### WORK TO COMPLETE
Reproduce the data in full, exactly as given, leaving images out.

### INPUT DATA
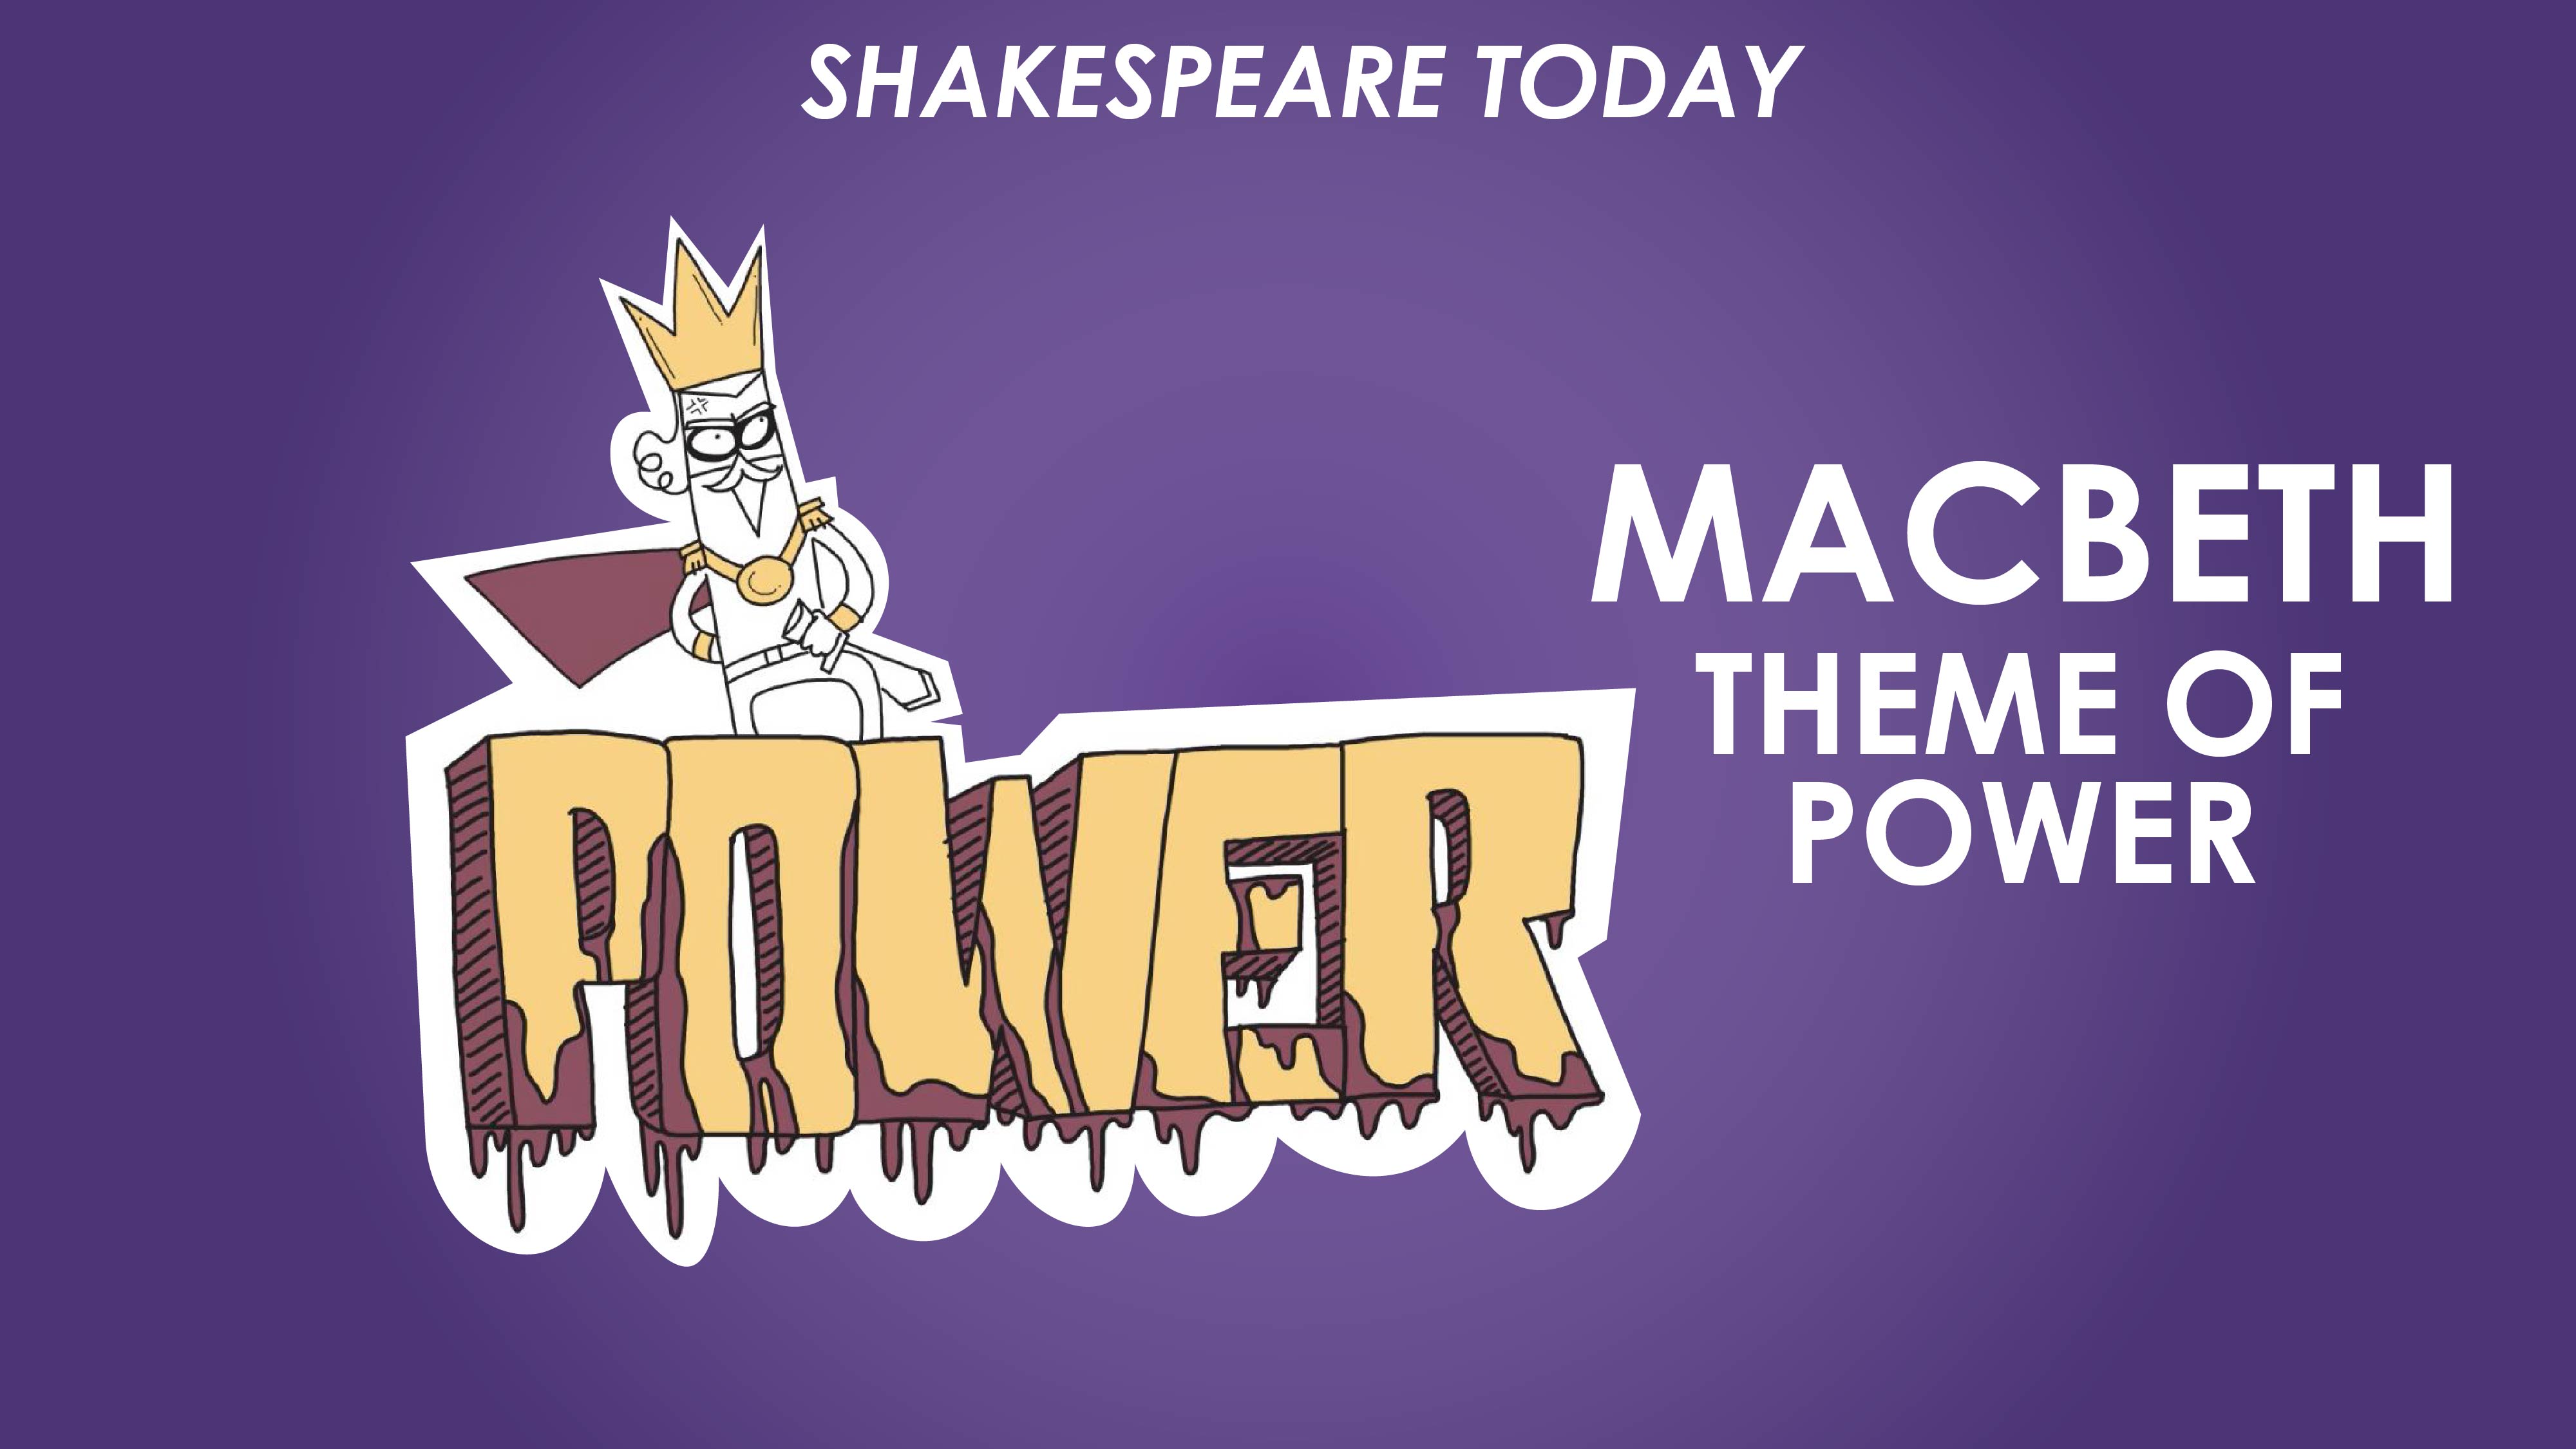 Macbeth Theme of Power - Shakespeare Today Series
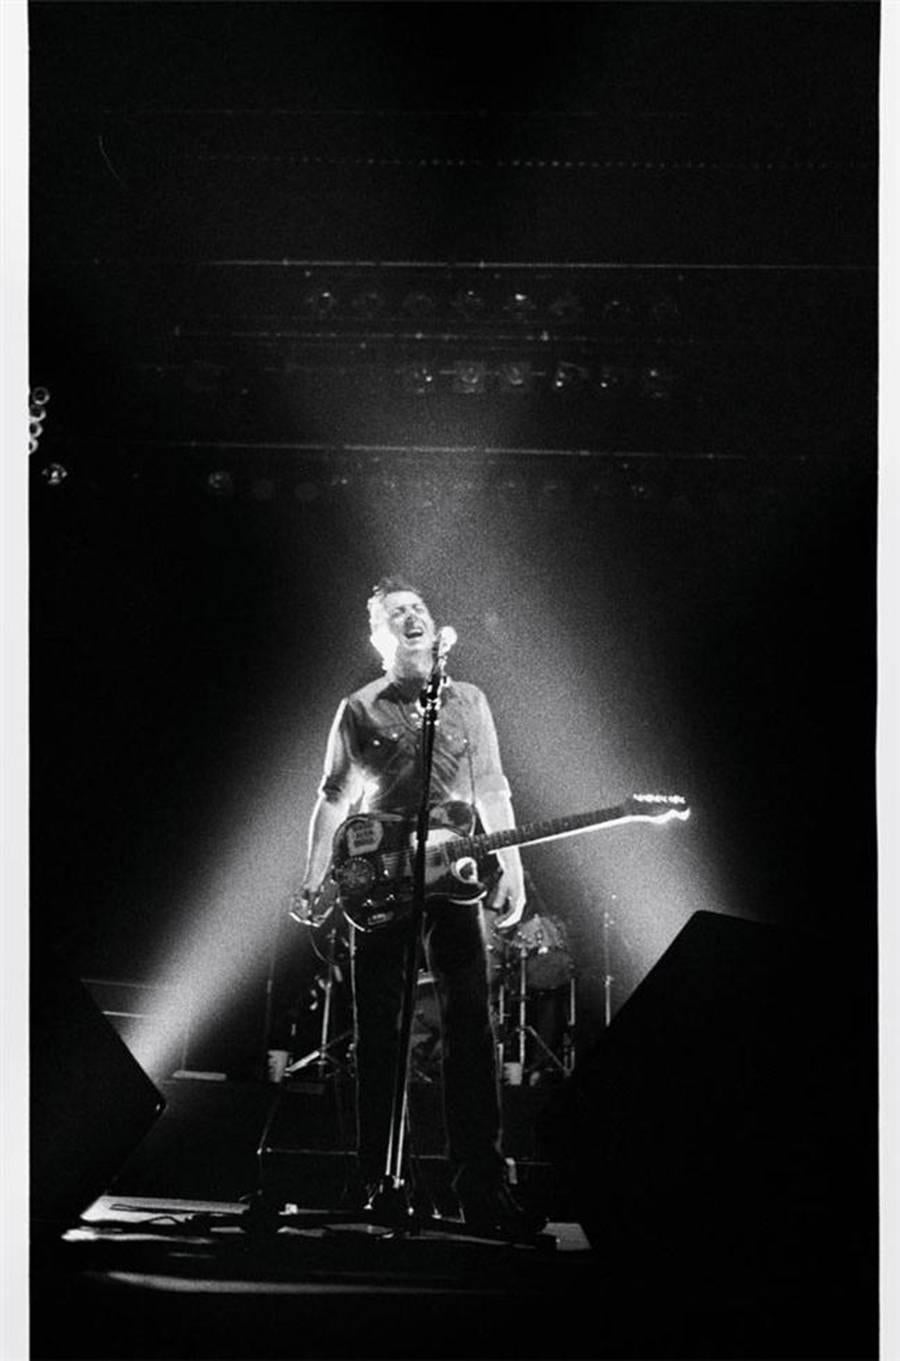 Josh Cheuse Black and White Photograph - Joe Strummer on Stage
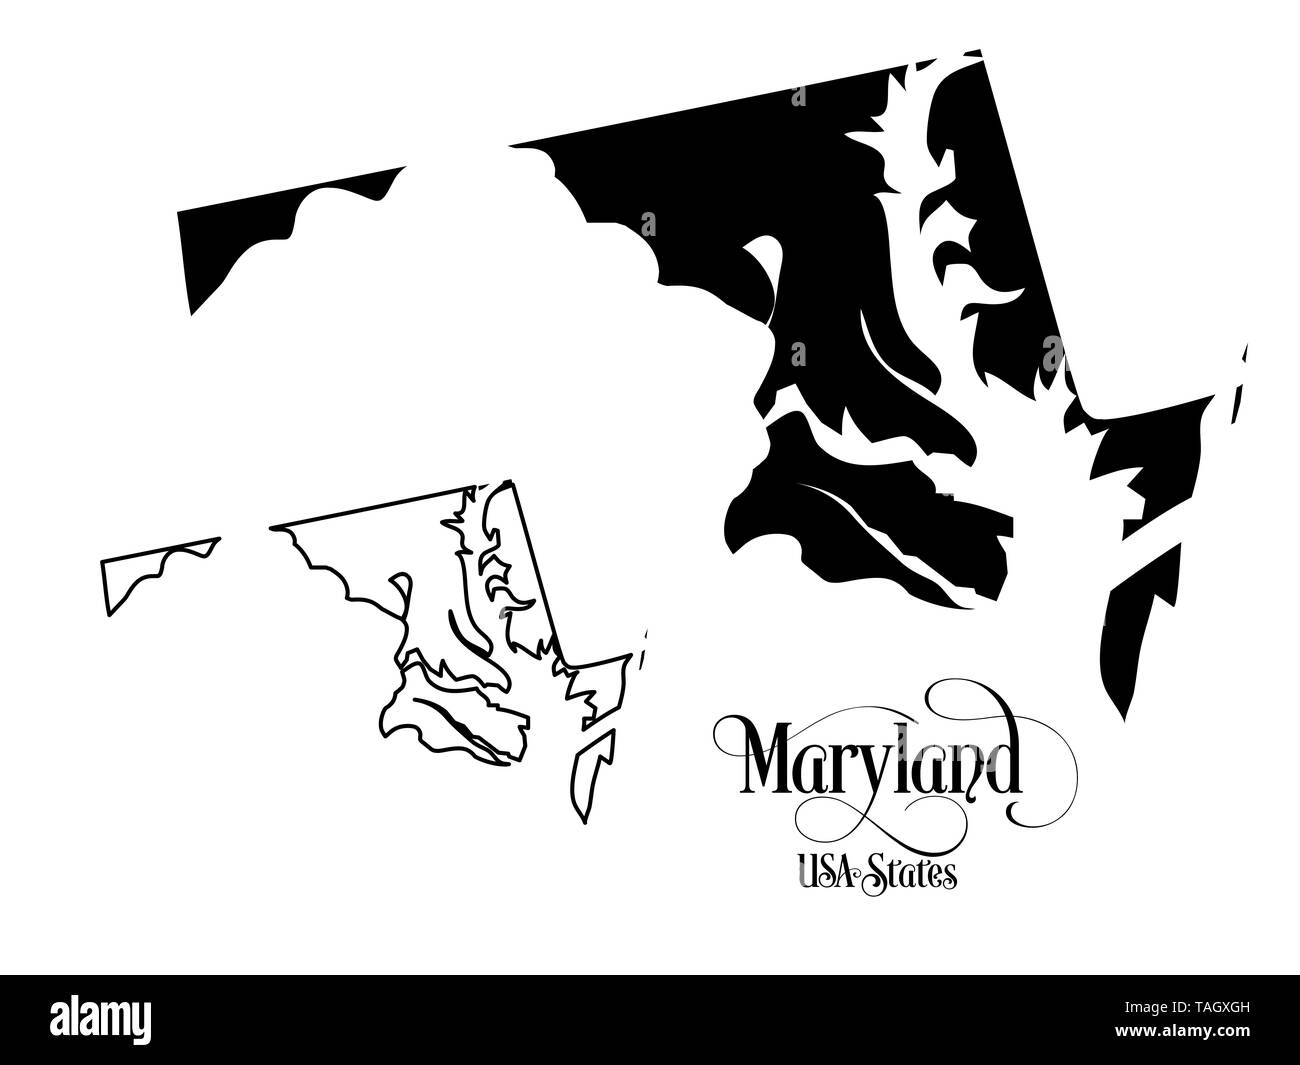 Map of The United States of America (USA) State of Maryland - Illustration on White Background. Stock Photo

### TASK OUTPUT
 Macbeth Theme of Power - Shakespeare Today Series
 Josh Cheuse Black and White Photograph - Joe Strummer on Stage
 Map of The United States of America (USA) State of Maryland - Illustration on White Background. Stock Photo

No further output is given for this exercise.